The theorem states that if $F$ is regular and has a countable basis, then it is metrizable. In Munkres' proof of this theorem, he gives a function (homeomorphism) $F:X \rightarrow [0,1]^\omega$ that embeds it into a subspace of $[0,1]^\omega$ with the product topology. This subspace is metrizable (it can be easily seen), and thus the theorem is proven. However, the author also provides an alternative proof, where using the same function $F$, he embeds $X$ into a subspace of $[0,1]^\omega$ with the uniform topology! My question is, if this subspace of $[0,1]^\omega$ is $Z$, then this proves that $Z$ under the product topology is homeomorphic to $X$, which is in turn homeomorphic to $Z$ in the uniform topology. Thus $Z$ under one topology is homeomorphic to $Z$ under the other one.
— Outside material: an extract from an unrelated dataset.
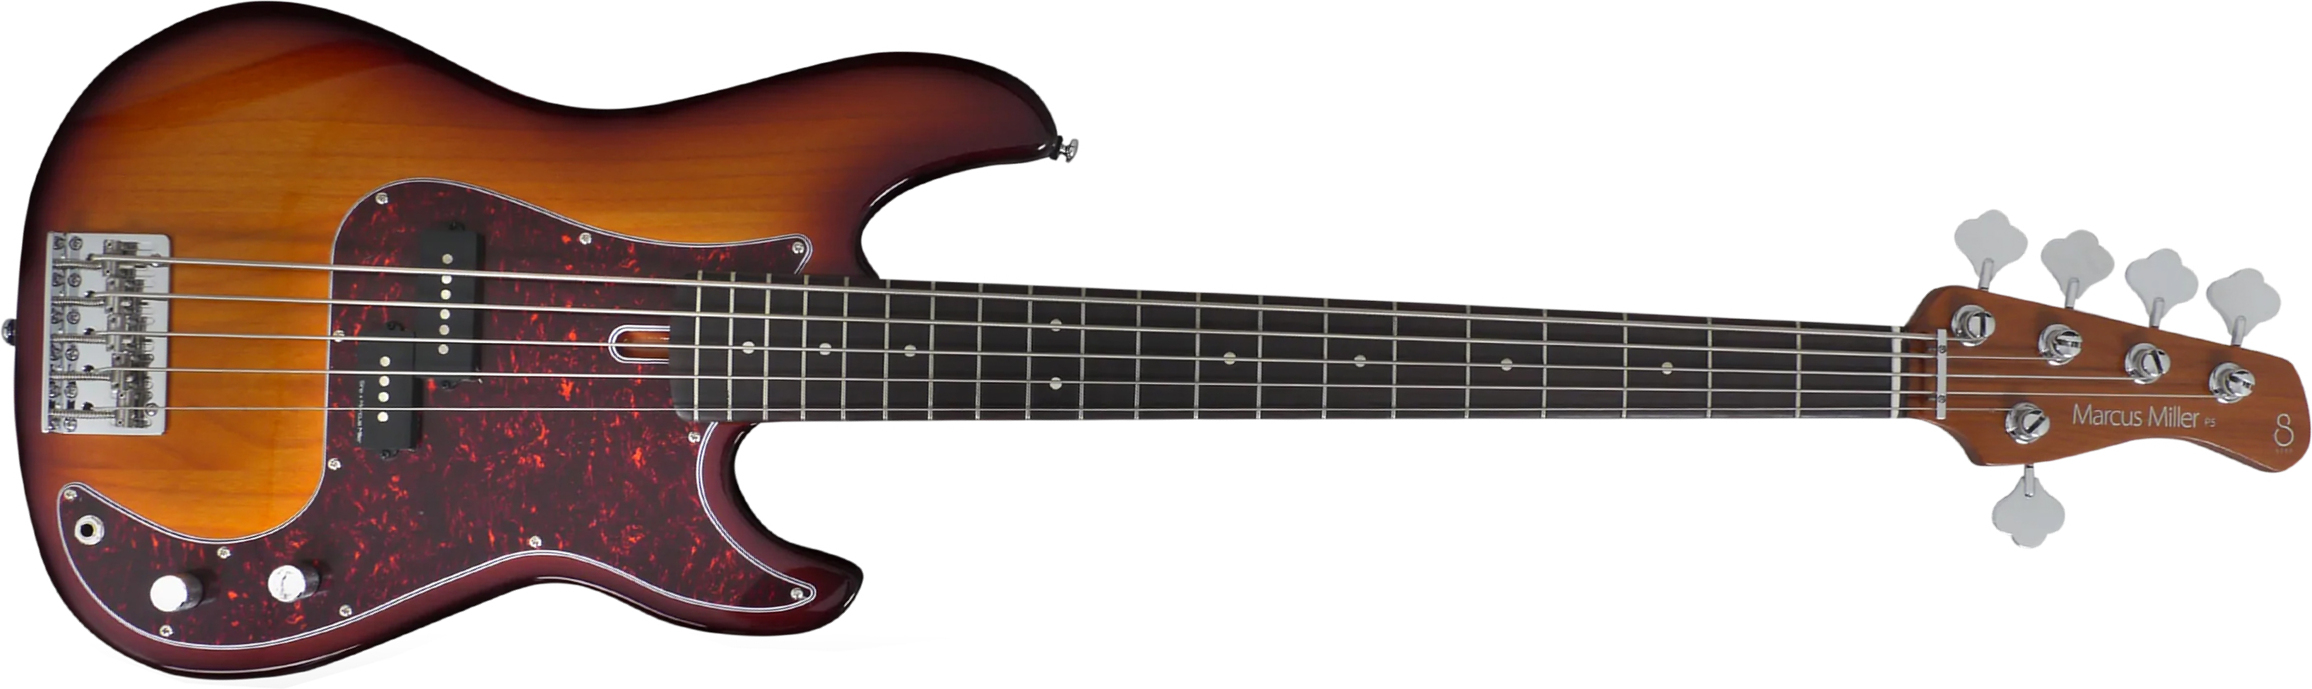 Marcus Miller P5r 5st 5c Rw - Tobacco Sunburst - Solid body electric bass - Main picture

But this is absurd, isn't it?
I greatly appreciate your help!
You got fooled: It's not the same function $F$. To get continuity of the second map (into $[0,1]^\omega$ in the uniform topology), for each $n\in\Bbb N$ he scales the function $f_n$ by a factor of $1/n$. So the image is a compressed version of the image of the first mapping.
Comment: If you consider the Hilbert Cube $\prod\limits_{n=1}^\infty [0,1/n]\subset [0,1]^\omega$, the product and uniform topologies are indeed the same, so then your alleged absurdity disappears. :)